Thank you for taking the time to reply - happy to discuss this! :)

> It's fair to say that gVisor performs better isolation on syscalls, but it's also fair to say that by adding Linux user-ns and procfs & sysfs emulation, Sysbox isolates the container in ways that gVisor does not.

Have a look at what gVisor actually does: https://gvisor.dev/docs/architecture_guide/security

It fully implements a subset of the Linux kernel ABI in userspace, including procfs and sysfs and even memory and process management. No untrusted code ever interacts with the host kernel. Filesystem and network access goes through an IPC protocol and is handled by the gVisor processes on the host, which in turns runs inside a user namespace and a seccomp sandbox for defense in depth.

This is a much, much stronger level of isolation than your approach or, arguably, even VMs (the trade-off is performance). "Sysbox isolates the container in ways that gVisor does not" just isn't true.

The sysbox approach is one kernel bug away from host system compromise, same as using regular containers. Emulating procfs and sysfs and using user namespaces takes away some of the attack surface and is great defense in depth, but does not provide isolation from the host kernel.

> Also, note that Sysbox is not meant to isolate workloads in multi-tenant environments (for that we think VM-based approaches are better)

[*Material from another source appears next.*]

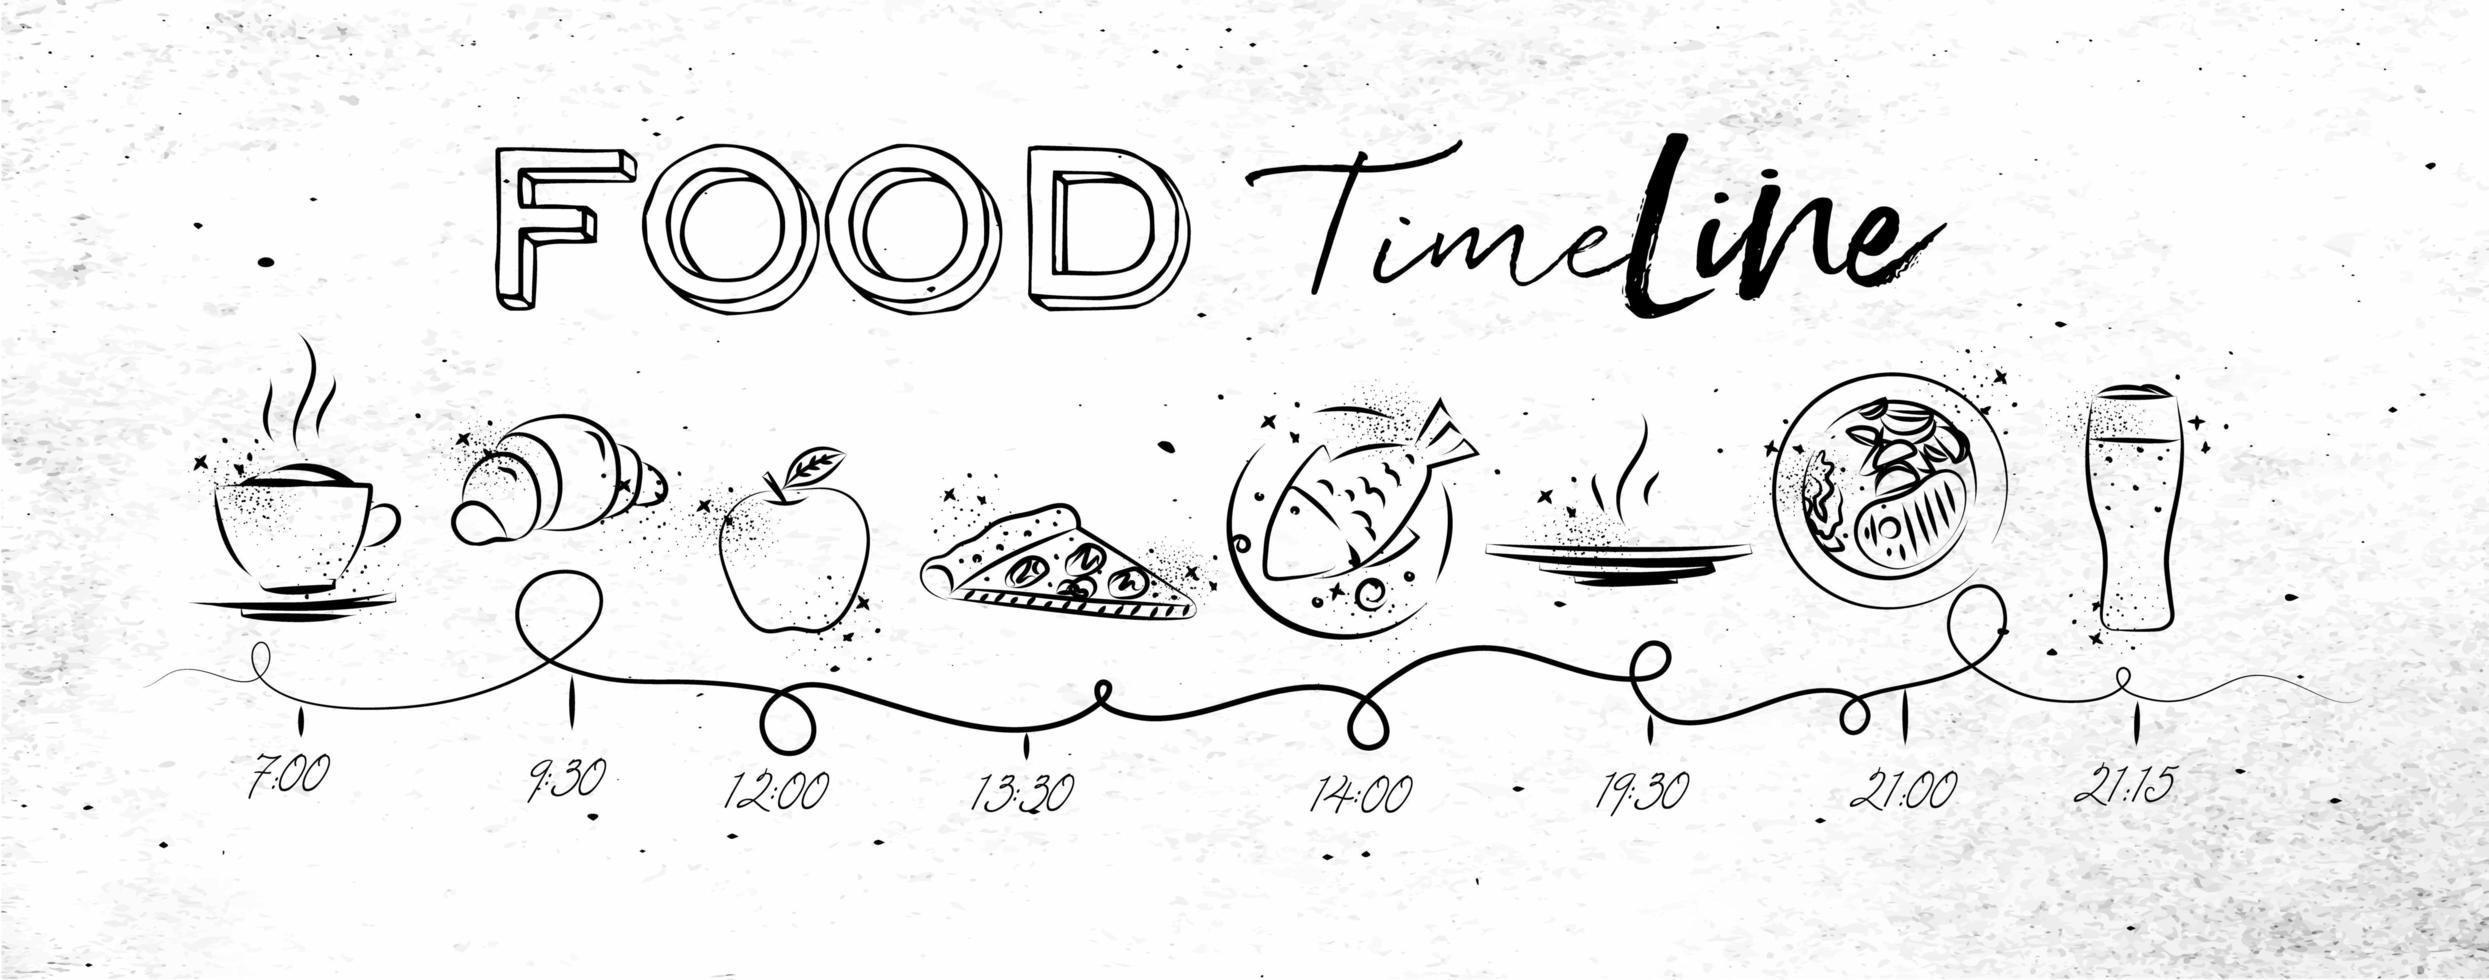 voedsel tijdlijn op vuil papier in grunge stijl vector
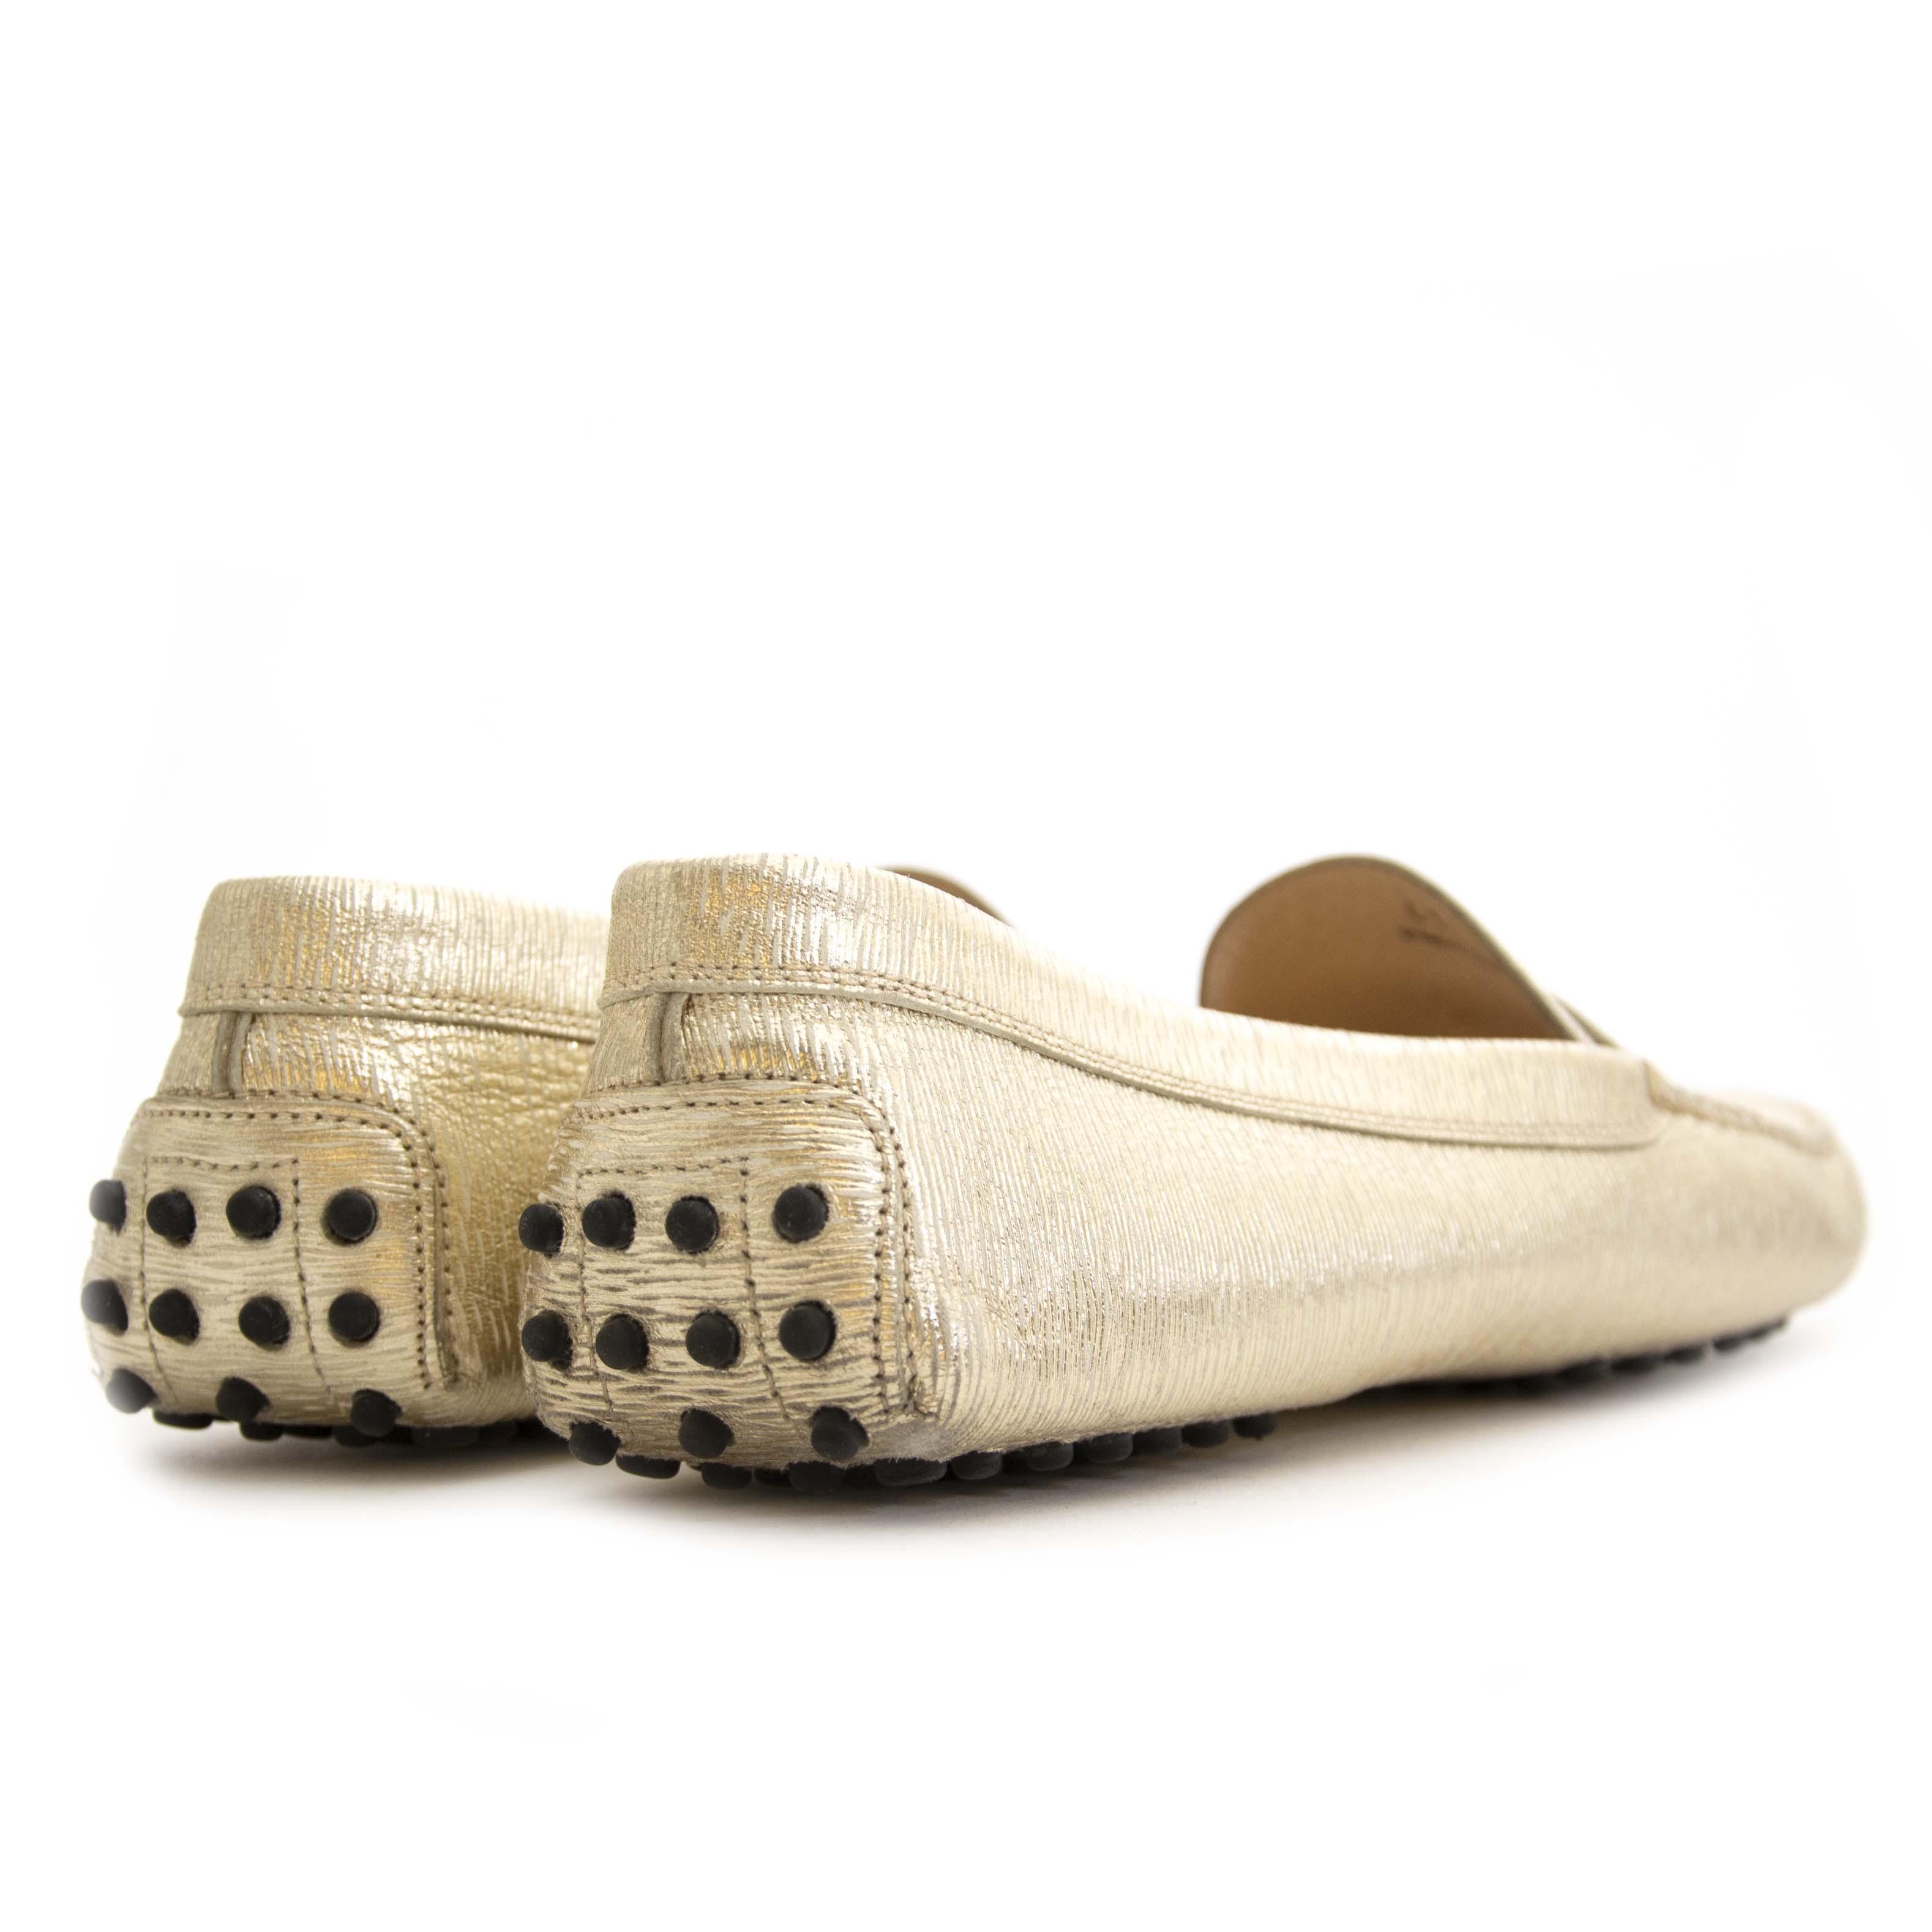 Tod's Metallic Gold Gommino Loafers - Size 41 Buy secondhand Tod's shoes at Labellov. Safe online shopping at a fair price. Koop tweedehands Tod's schoenen bij Labellov. Veilig online winkelen voor een eerlijke prijs.

I've read numerous claims that sysbox is suitable for untrusted workloads, for instance in [1] and [2].

It's a nice product and certainly much, much better than running docker-in-docker using privileged containers, but given the significant remaining attack surface, this claim could put your customers at risk and should come with a big disclaimer.

> While QEMU may be faster than Firecracker in some metrics in a one-instance comparison, when you start running dozens of instances per host, the overhead of the full VM (particularly memory overhead) hurts its performance (which is the reason Firecracker was designed)

Firecracker was designed for memory efficiency, faster cold start times and security (by virtue of being written in a memory-safe language). It means you can run more containers per host, but the actual workload performance overhead is identical to "normal" VMs and, in some cases, even slightly higher since Firecracker lacks some of the optimization that has gone into QEMU.

> Regarding gVisor performance, we didn't do a full performance comparison vs. KubeVirt, so we may stand corrected if gVisor is in fact slower than KubeVirt when running multiple instances on the same host (would appreciate any more info you may have on such a comparison, we could not find one).

KubeVirt is just plain QEMU VMs using libvirt, which have been compared to gVisor quite extensively[3][4]. There's almost no overhead for memory/CPU and quite a lot of overhead for syscalls (but with big improvements recently with the introduction of VFS2 and soon LisaFS[5]). It's a classic trade-off - gVisor is more secure and efficient than QEMU, allowing a much larger number of instances to run on a host by virtue of better cooperation with the host kernel scheduler and memory management, but for raw performance, a QEMU VM always wins.

> Regarding the claim that standard containers cannot run a full OS, what the table in the GH repo is indicating is that Sysbox allows you to create unprivileged containers (or pods) that can run system software such as Docker, Kubernetes, k3s, etc. with good isolation and seamlessly (no privileged container, no changes in the software inside the container, and no tricky container entrypoints). To the best of our knowledge, it's not possible to run say Kubernetes inside a regular container unless it's a privileged container with a custom entrypoint. Or inside a Firecracker VM. If you know otherwise, please let us know.

Firecracker runs a full Linux kernel inside the VM, so it could always run regular Docker, Kubernetes or anything else. See [6] for a practical example.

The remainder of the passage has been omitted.